DATA RECORDS
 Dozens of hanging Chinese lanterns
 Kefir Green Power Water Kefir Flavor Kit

...

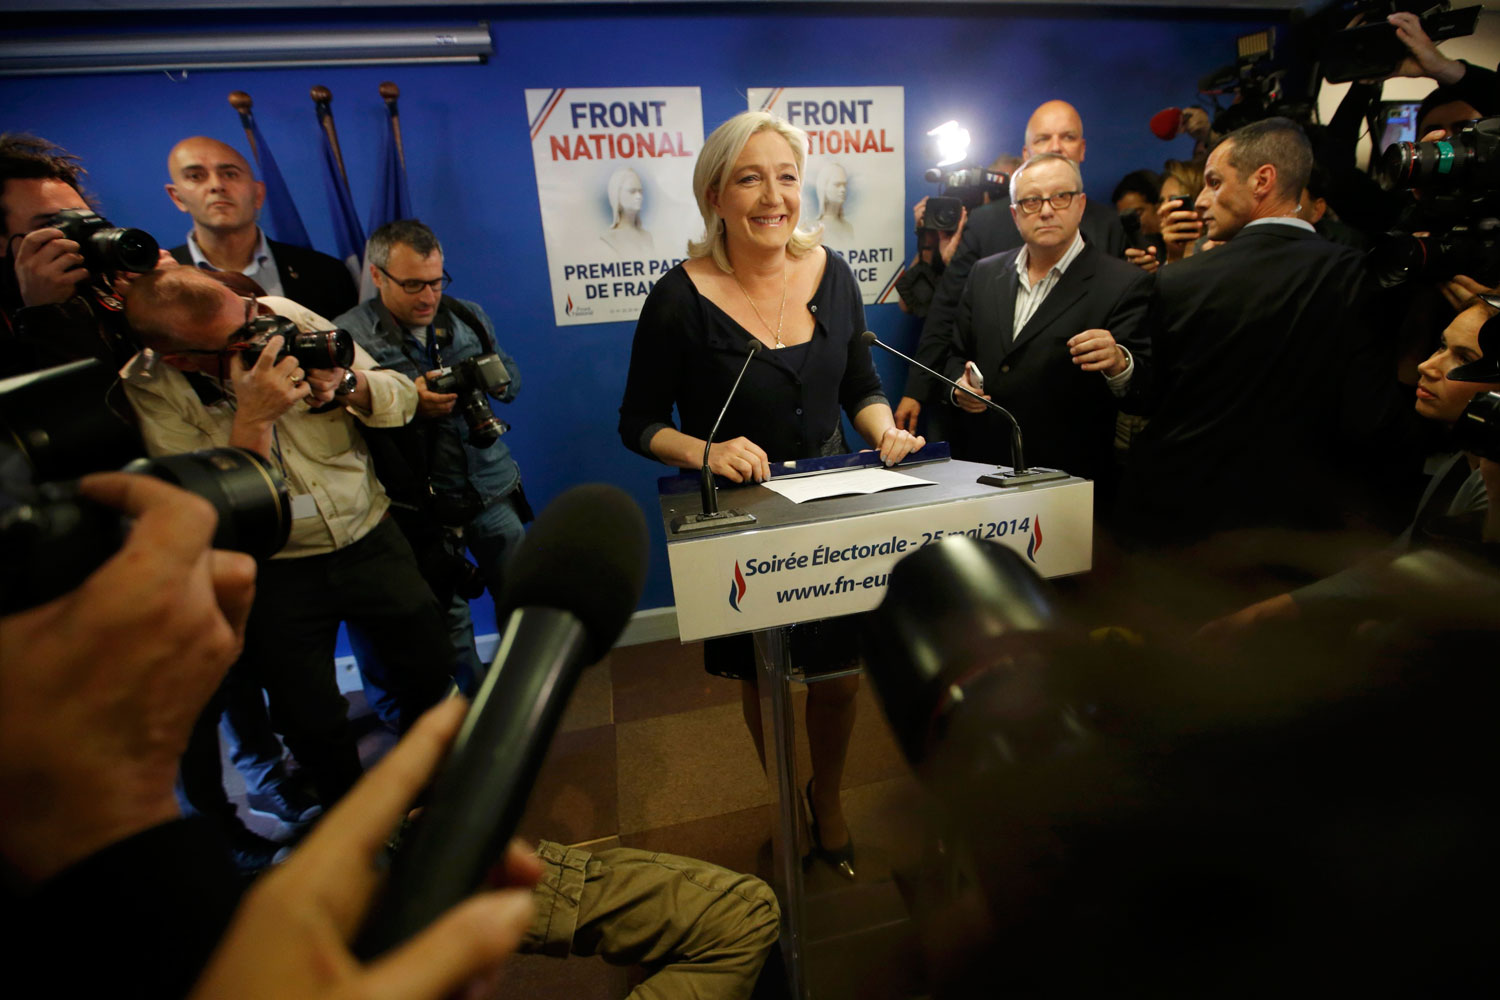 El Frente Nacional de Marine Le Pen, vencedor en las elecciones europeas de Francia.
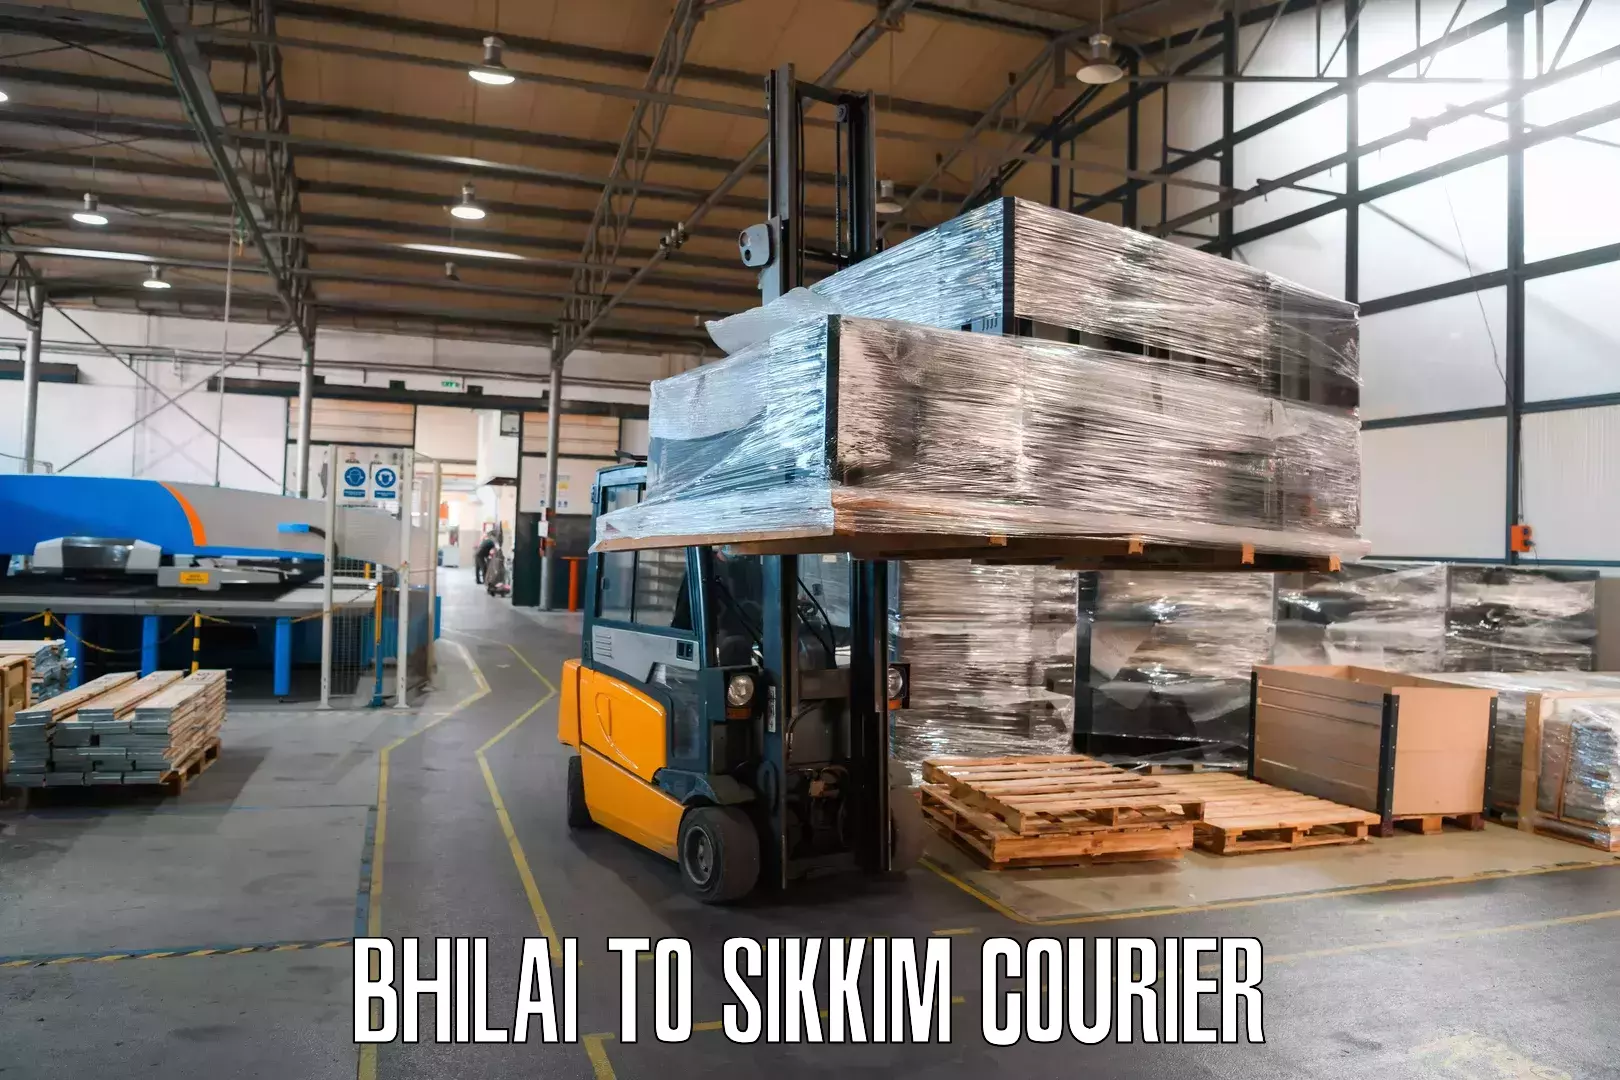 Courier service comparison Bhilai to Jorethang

...

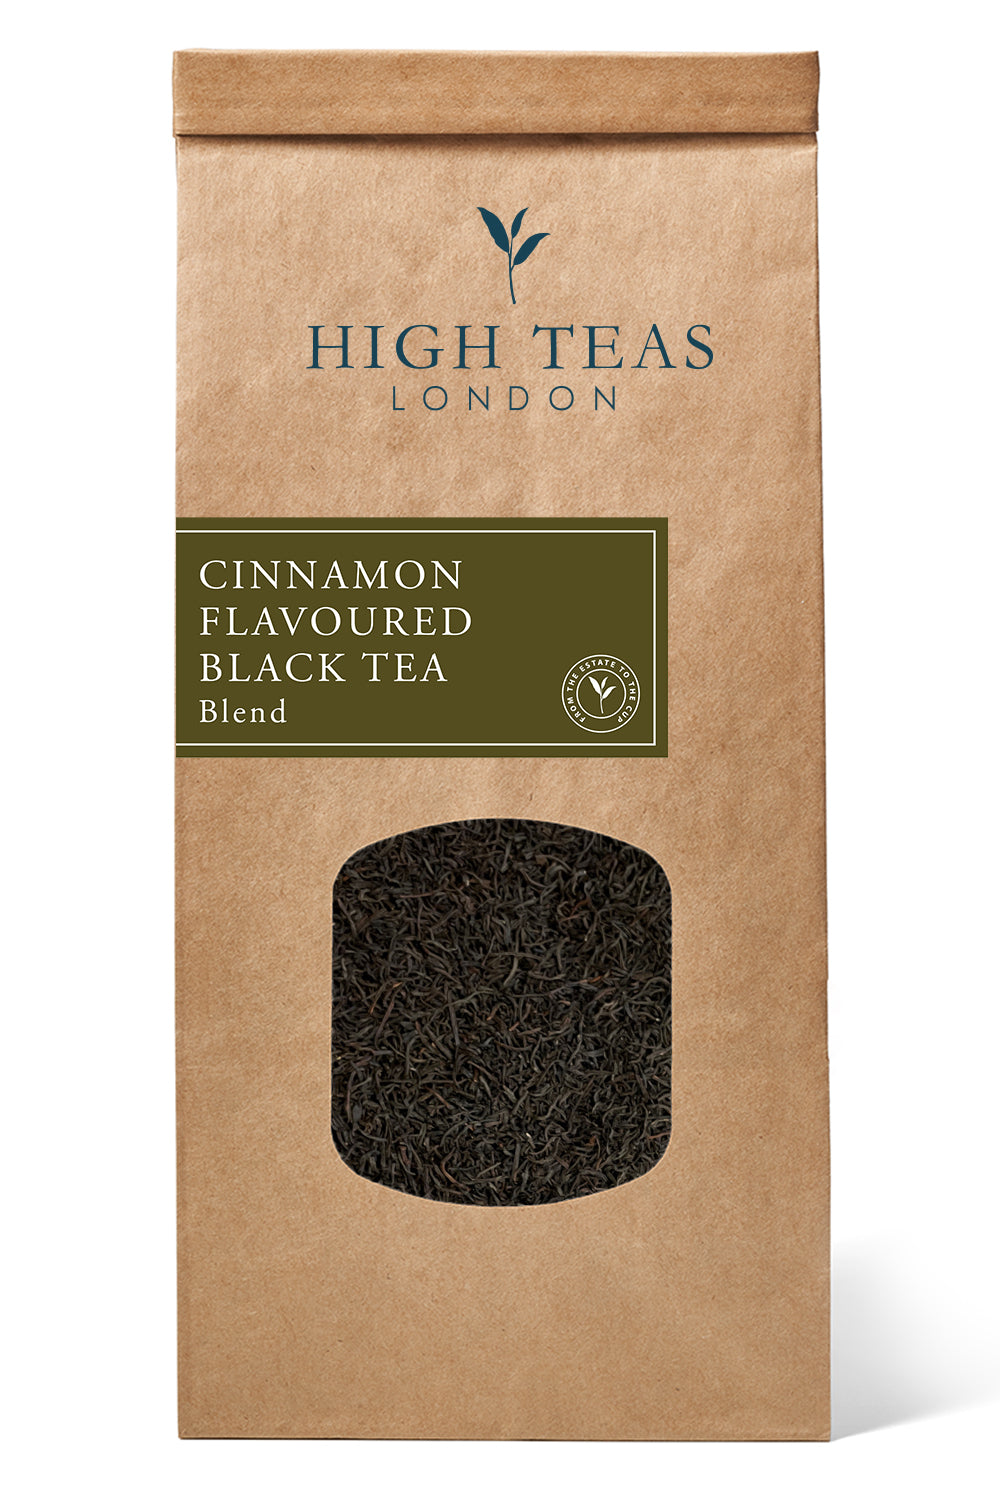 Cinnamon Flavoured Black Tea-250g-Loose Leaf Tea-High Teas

WHAT NEEDS TO BE DONE
Among the lines above, find the one with "Dozens of hanging Chinese lanterns" and the one with "Kefir Green Power Water Kefir Flavor Kit". Quote both and everything between them, exactly.

RESPONSE AREA
 Dozens of hanging Chinese lanterns
 Kefir Green Power Water Kefir Flavor Kit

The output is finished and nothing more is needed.